TO DO:
Look below for the line containing "ポーランドの陶器メーカーから日本茶を楽しむティーカップ ...". Write out that line and the rest through the last one, exactly as they appear, but without pictures.

RAW DATA:

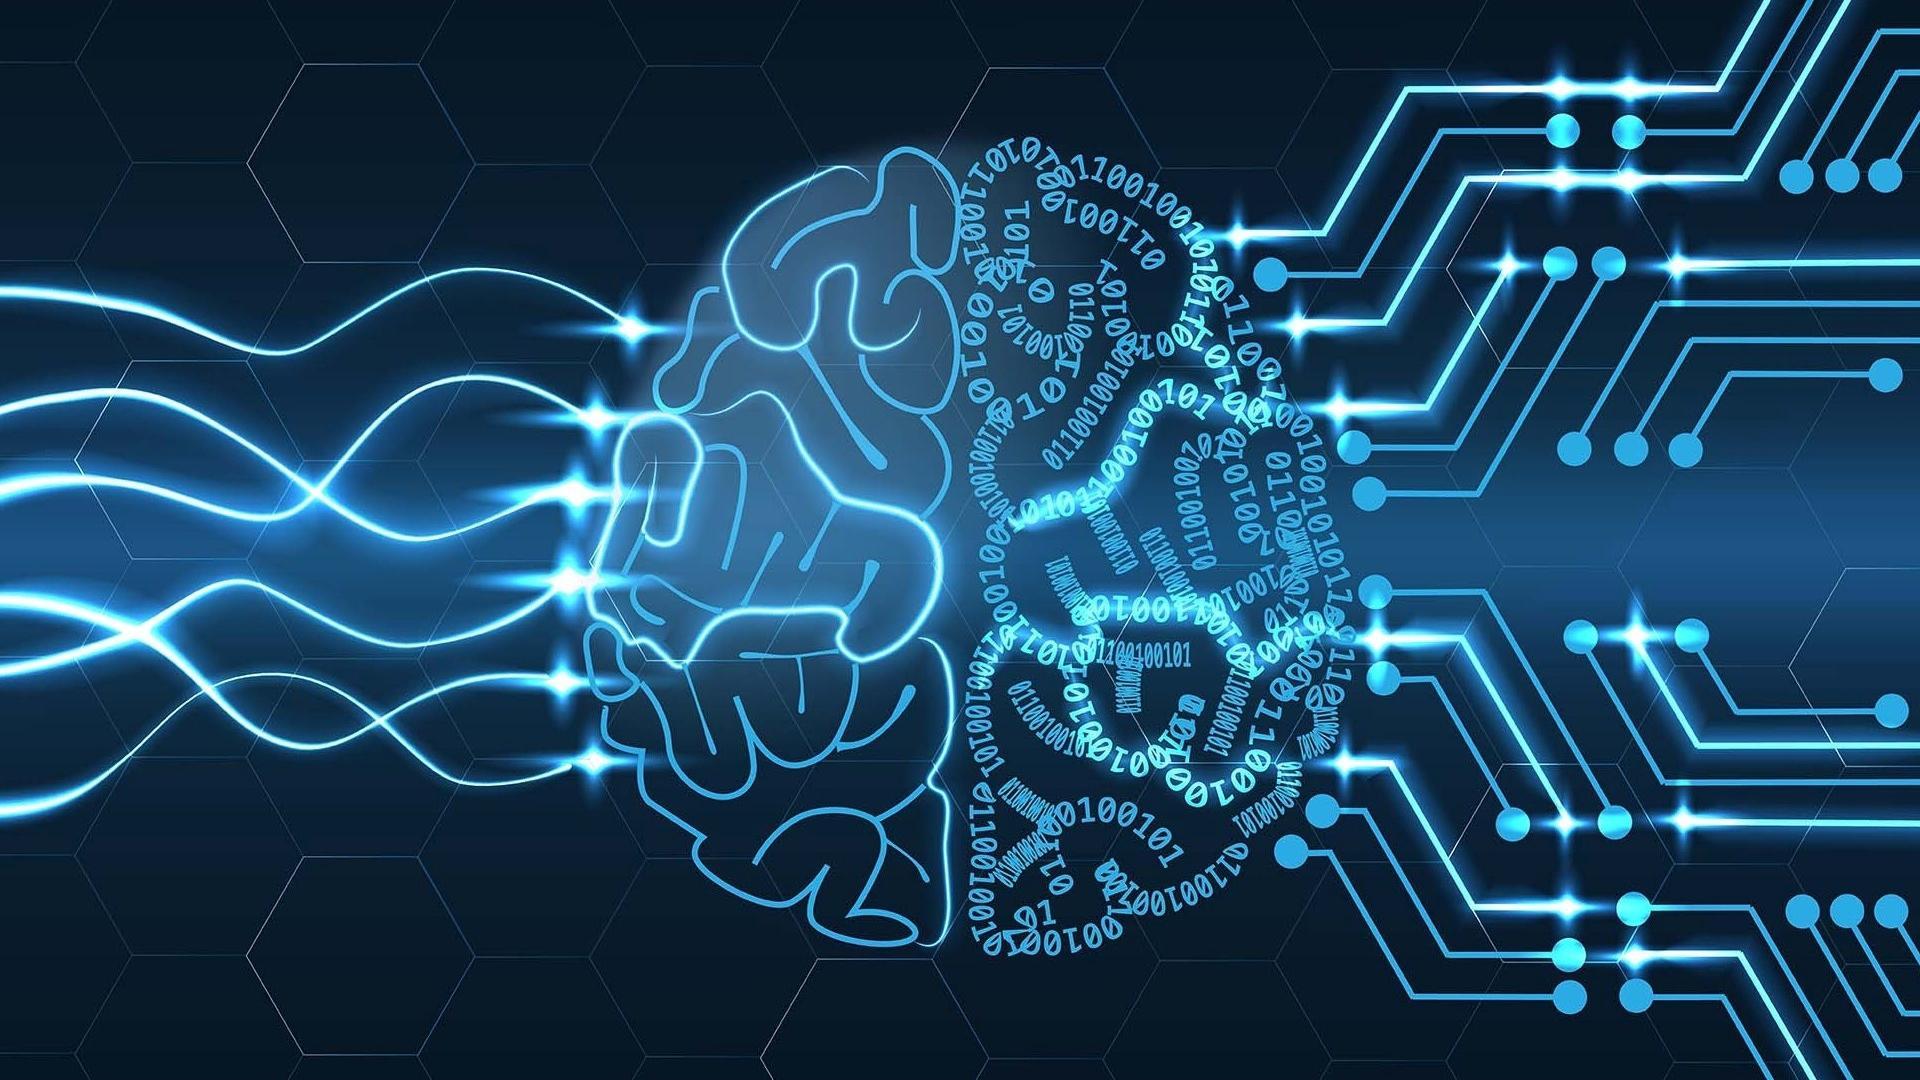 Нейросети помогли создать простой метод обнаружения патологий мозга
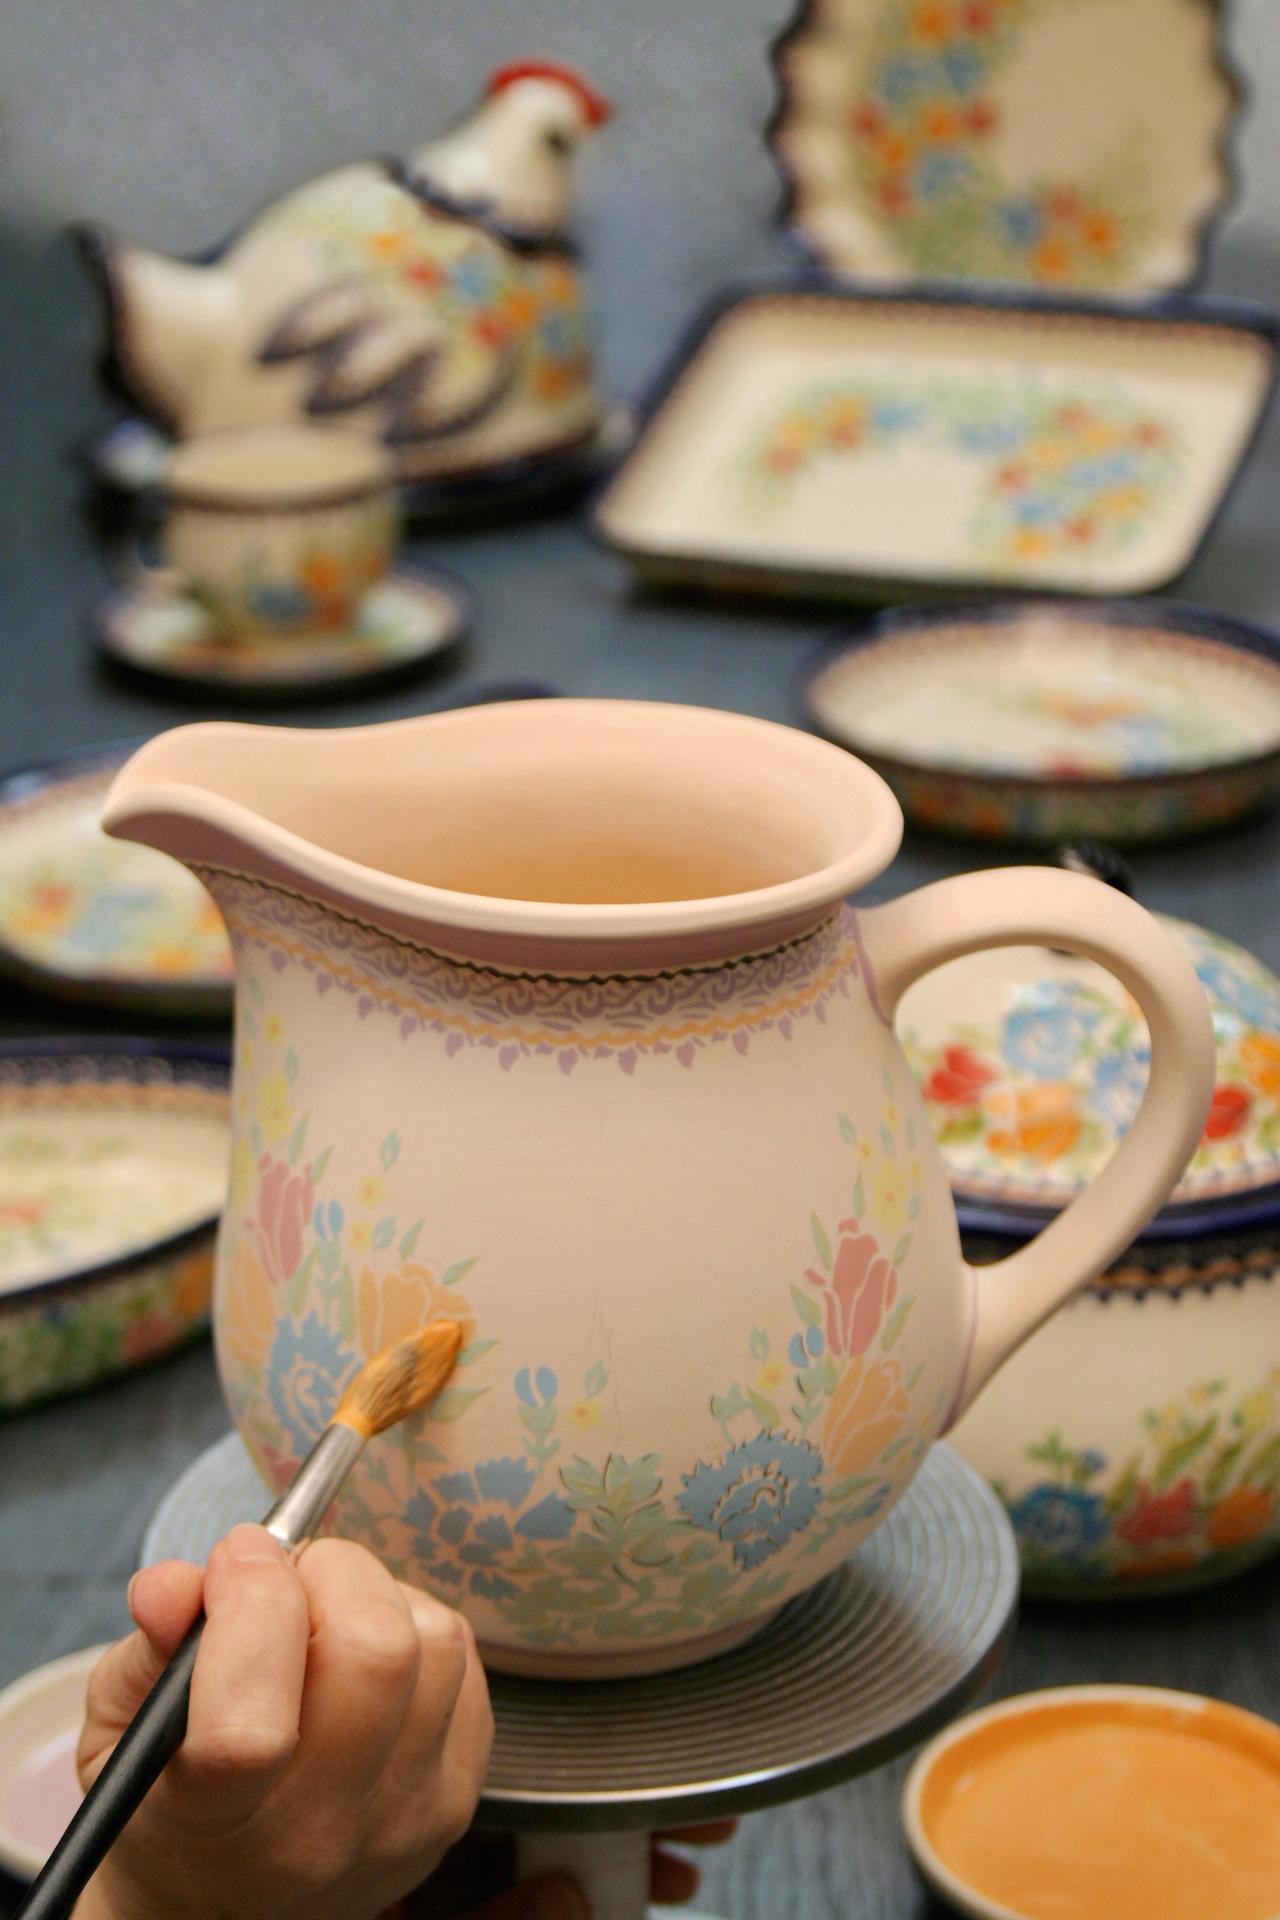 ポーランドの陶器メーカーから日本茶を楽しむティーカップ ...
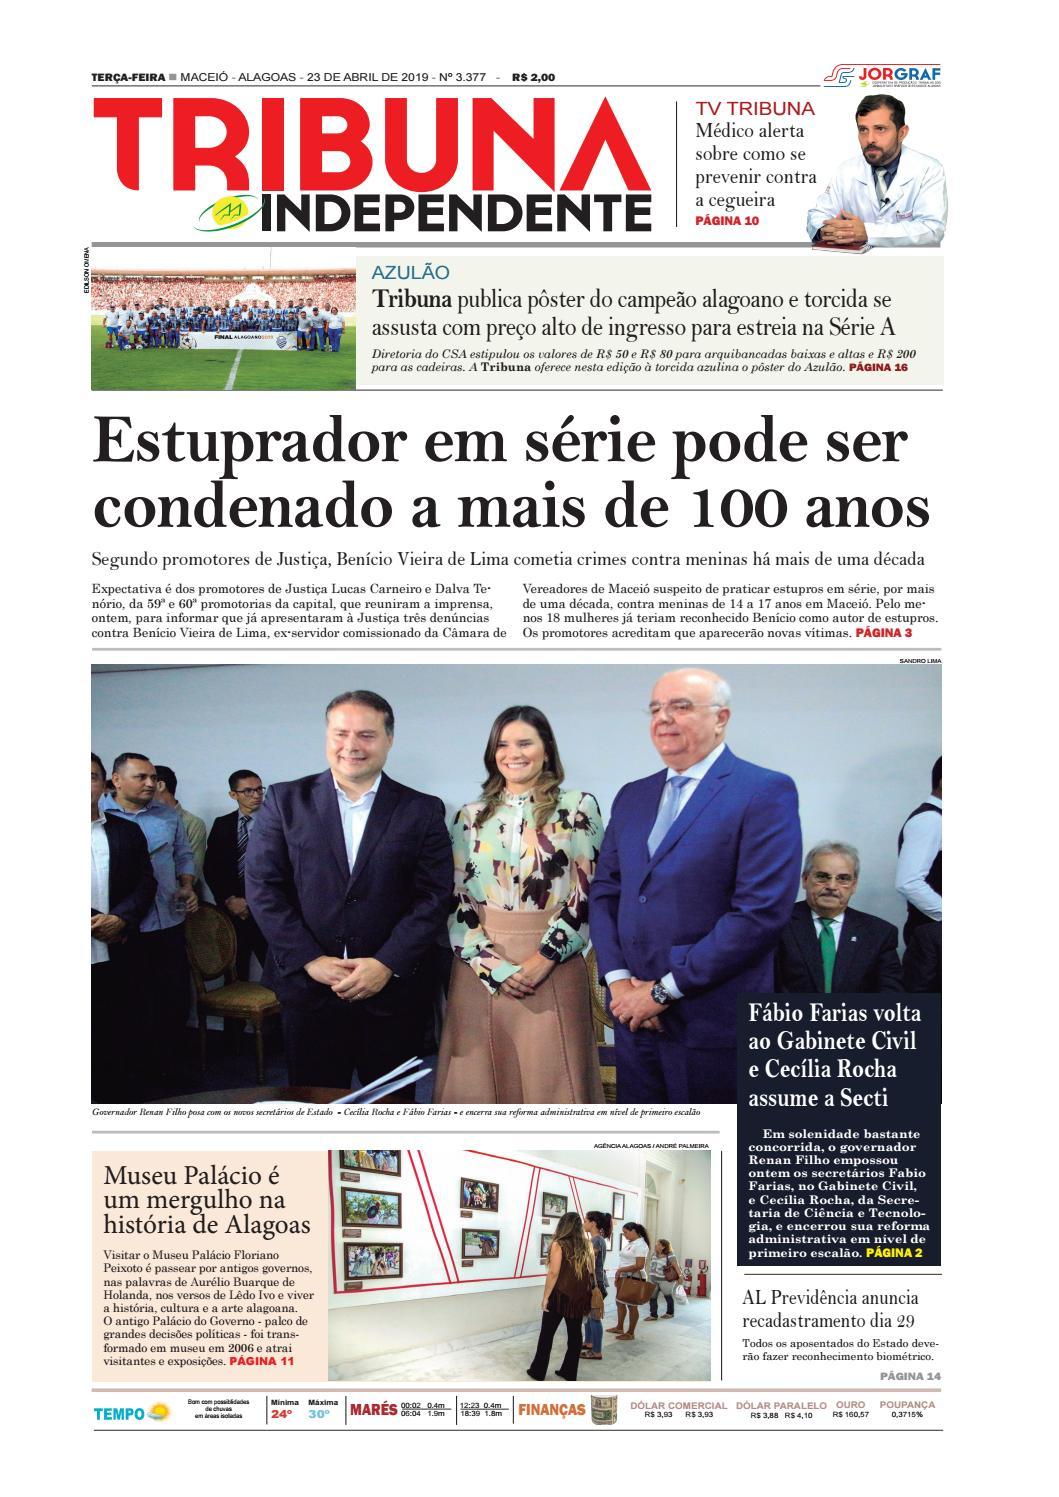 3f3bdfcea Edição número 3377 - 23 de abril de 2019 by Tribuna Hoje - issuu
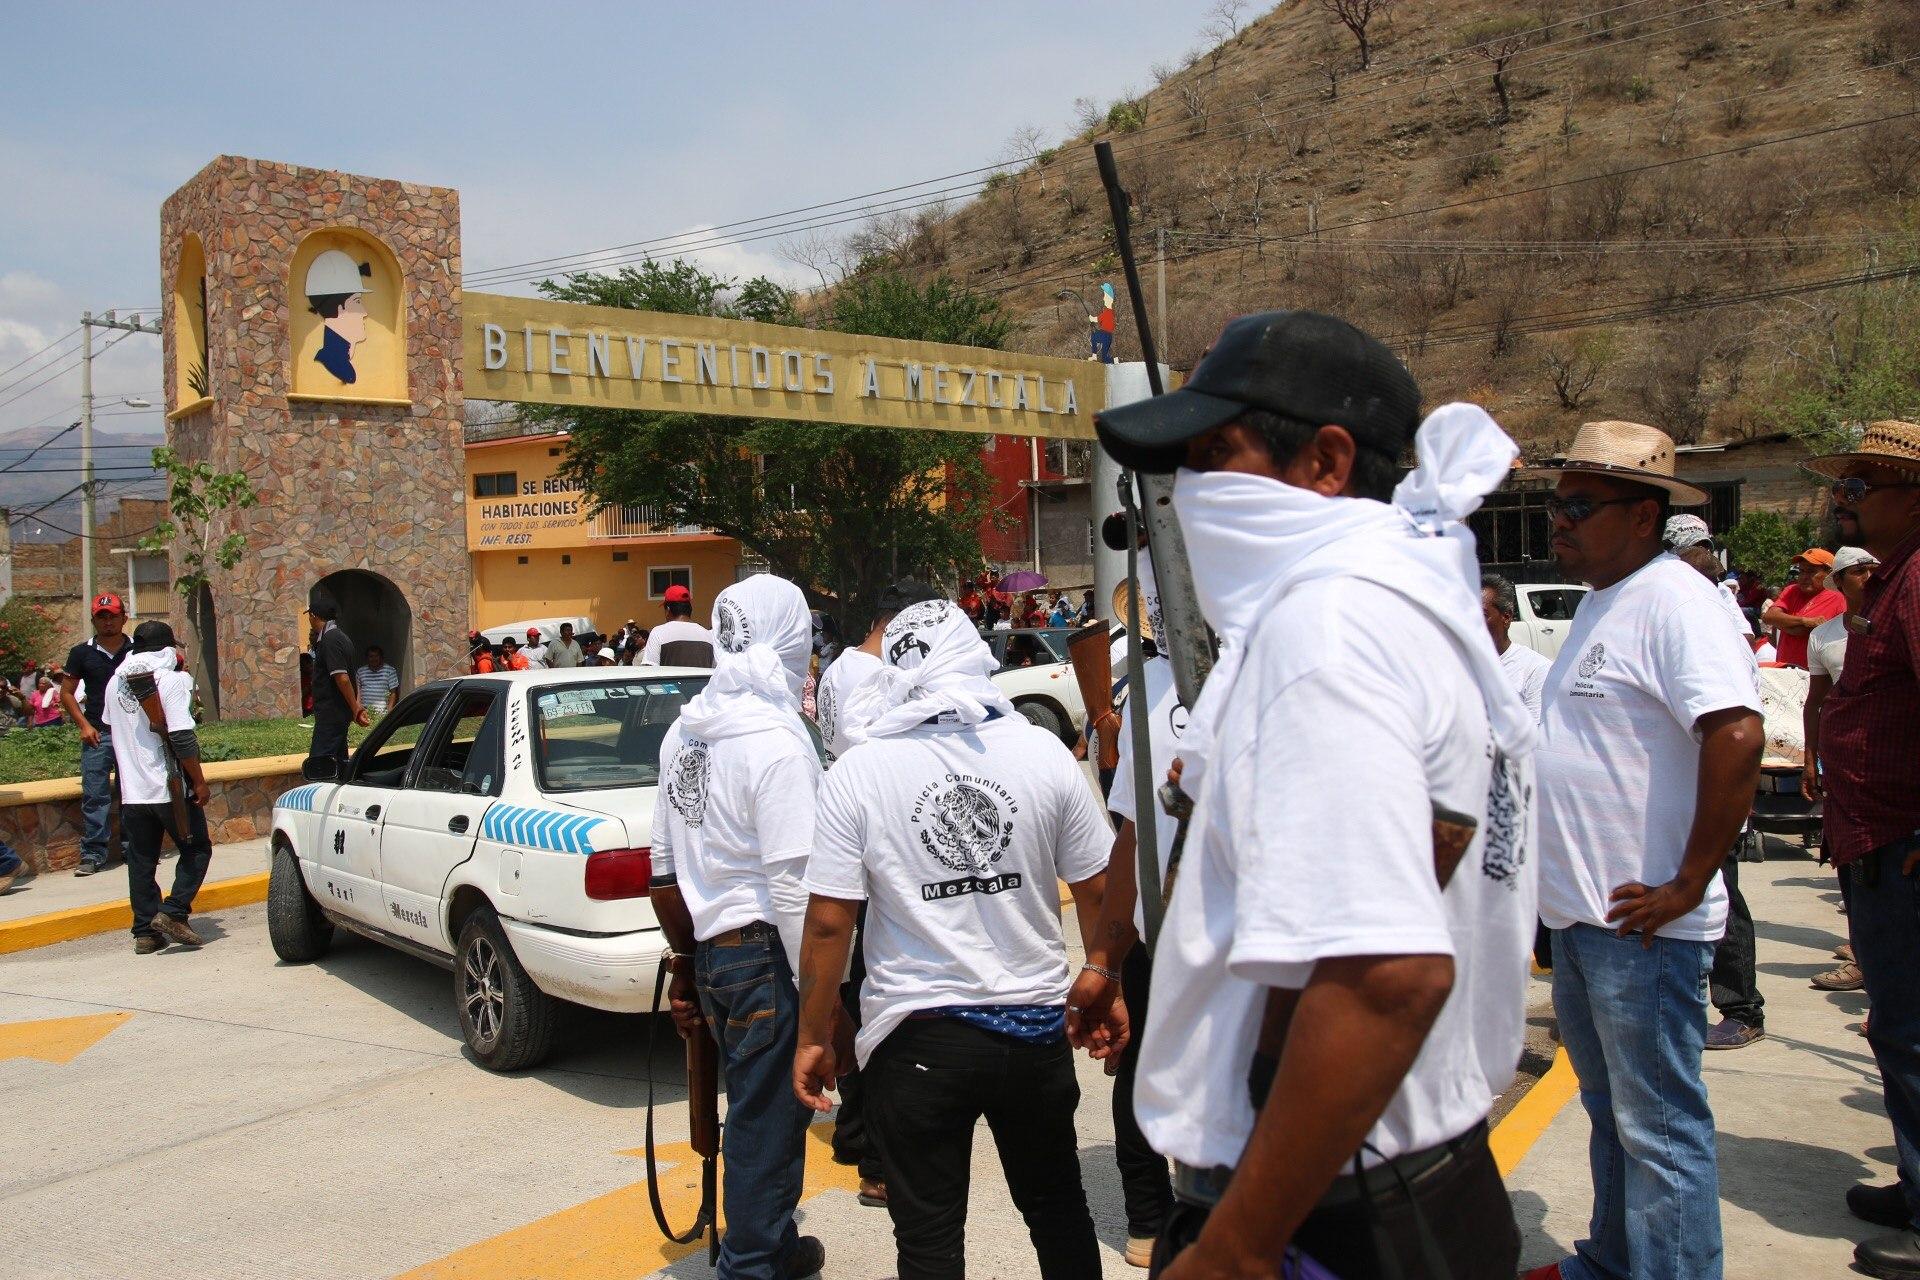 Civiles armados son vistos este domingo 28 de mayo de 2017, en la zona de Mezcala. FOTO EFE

WRITTEN RESPONSE:
 ポーランドの陶器メーカーから日本茶を楽しむティーカップ ...
 3f3bdfcea Edição número 3377 - 23 de abril de 2019 by Tribuna Hoje - issuu
 Civiles armados son vistos este domingo 28 de mayo de 2017, en la zona de Mezcala. FOTO EFE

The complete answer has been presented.